Tú eres diferente

—Yo… hubiera debido prevenirte del aparato luminoso —observó entristecido Anton—. ¡Pero es que no me he dado ni cuenta…! —dijo tosiendo tímidamente—. ¡Lo siento!

Anna había agachado la cabeza.

—¿Sigue mirando Rüdiger la luz? —preguntó ella en voz baja.

«¡Suena como si ya casi se le hubiera pasado el enfado!», pensó Anton, y miró hacia el interior de la habitación.

—Sí, Rüdiger sigue ahí sentado como si tal cosa.

—¿Y el señor Schwartenfeger?

—Está hablando con él.

—¿Eso es todo?

—Me parece que ahora el señor Schwartenfeger va a apagar el aparato luminoso.

—¿Va a apagarlo? —dijo Anna suspirando—. ¡Ojala!

—Yo podría comprarte unas gafas de sol también a ti —propuso Anton.

—¿A mí? —dijo Anna pasándose la mano por los ojos—. No, ya es demasiado tarde.

—No, digo para el sábado que viene —repuso Anton—. Por si acaso venimos también y el señor Schwartenfeger vuelve a trabajar con el aparato luminoso.

—Ah… —dijo Anna.

Miró cautelosamente hacia Anton y con una sonrisa coqueta dijo:

—Sí, si de verdad quieres hacerlo y no te importa demasiado gastarte tu dinero en eso…

—¿Cómo me va a importar demasiado… siendo para ti? —dijo perplejo Anton—. ¡Claro que no! Sólo me importaría demasiado si fuera para Rüdiger.

—¿Para Rüdiger? —preguntó sorprendida Anna.

—¡Sí!

En aquel momento se extinguió la clara luz. Anton engurruñó los ojos.

Susurrando declaró:

—Ya te he dicho que Rüdiger y yo ya no somos amigos; por lo menos no somos amigos de verdad.

—Sí, ya lo sé —contestó Anna susurrando también. ¡Porque te ha echado de las sesiones de terapia!

—Y porque lo único que hace siempre es aprovecharse de mí —completó Anton.

Dentro, en la sala de consulta, el pequeño vampiro había empezado a hacer nuevos ejercicios de relajación. Anton vio cómo levantaba los hombros y los volvía a dejar caer.

—Yo tengo que gastarme mi dinero en él —dijo furioso Anton— y Rüdiger sólo piensa en sí mismo. ¡Es un verdadero egoísta!

—Es cierto —opinó Anna.

Después de hacer una pausa, ella añadió suavemente:

—Pero es que también somos así por naturaleza.

—¿Por naturaleza?

—Bueno, sí… —dijo ella tosiendo apocada—. Ninguno de nosotros podría sobrevivir si no pensara antes que nada en sí mismo.

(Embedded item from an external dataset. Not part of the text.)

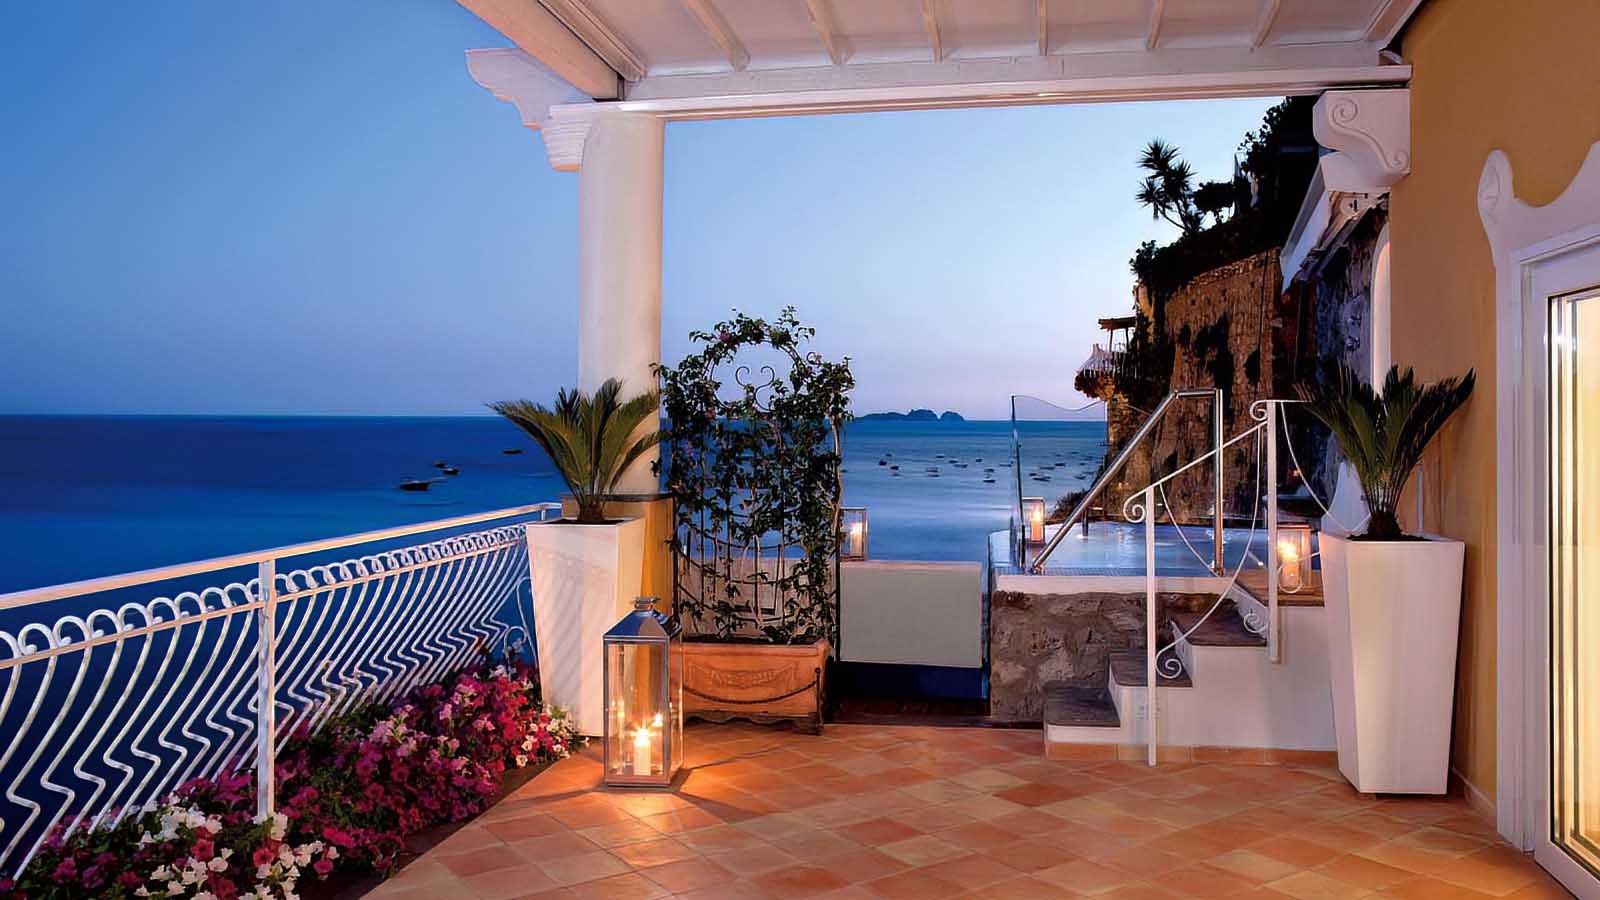 Places to stay in Positano Hotel Covo dei Saraceni

—¡Pero tú eres diferente! —repuso Anton.

—Sí, todavía sí —dijo Anna con una risita avergonzada—. Sólo que… ¡podría ser que también me volviera como Rüdiger!

—¿Tú?

—Humm, sí… Si me salen dientes de vampiro y tengo que convertirme en un auténtico vampiro…

Anton sintió que se le ponía la carne de gallina. Involuntariamente se separó un poco de Anna.

—Pero precisamente por eso quiero seguir el tratamiento del señor Schwartenfeger —aseguró rápidamente Anna—. ¡Para que tarde mucho, mucho tiempo!

Miró con ternura a Anton y le preguntó:

—¿O es que acaso has cambiado de idea?

Anton sabía a qué se refería: a la negativa de él a convertirse en vampiro.

—¡Mi idea al respecto no cambiará nunca! —declaró con voz firme.

Una sombra nubló el rostro de ella.

—¿Nunca?

—¡No!

—Pero hay otra cosa que tampoco cambiará nunca —dijo Anna riéndose ahora con picardía—. ¡Que yo nunca dejaré de seguírtelo preguntando!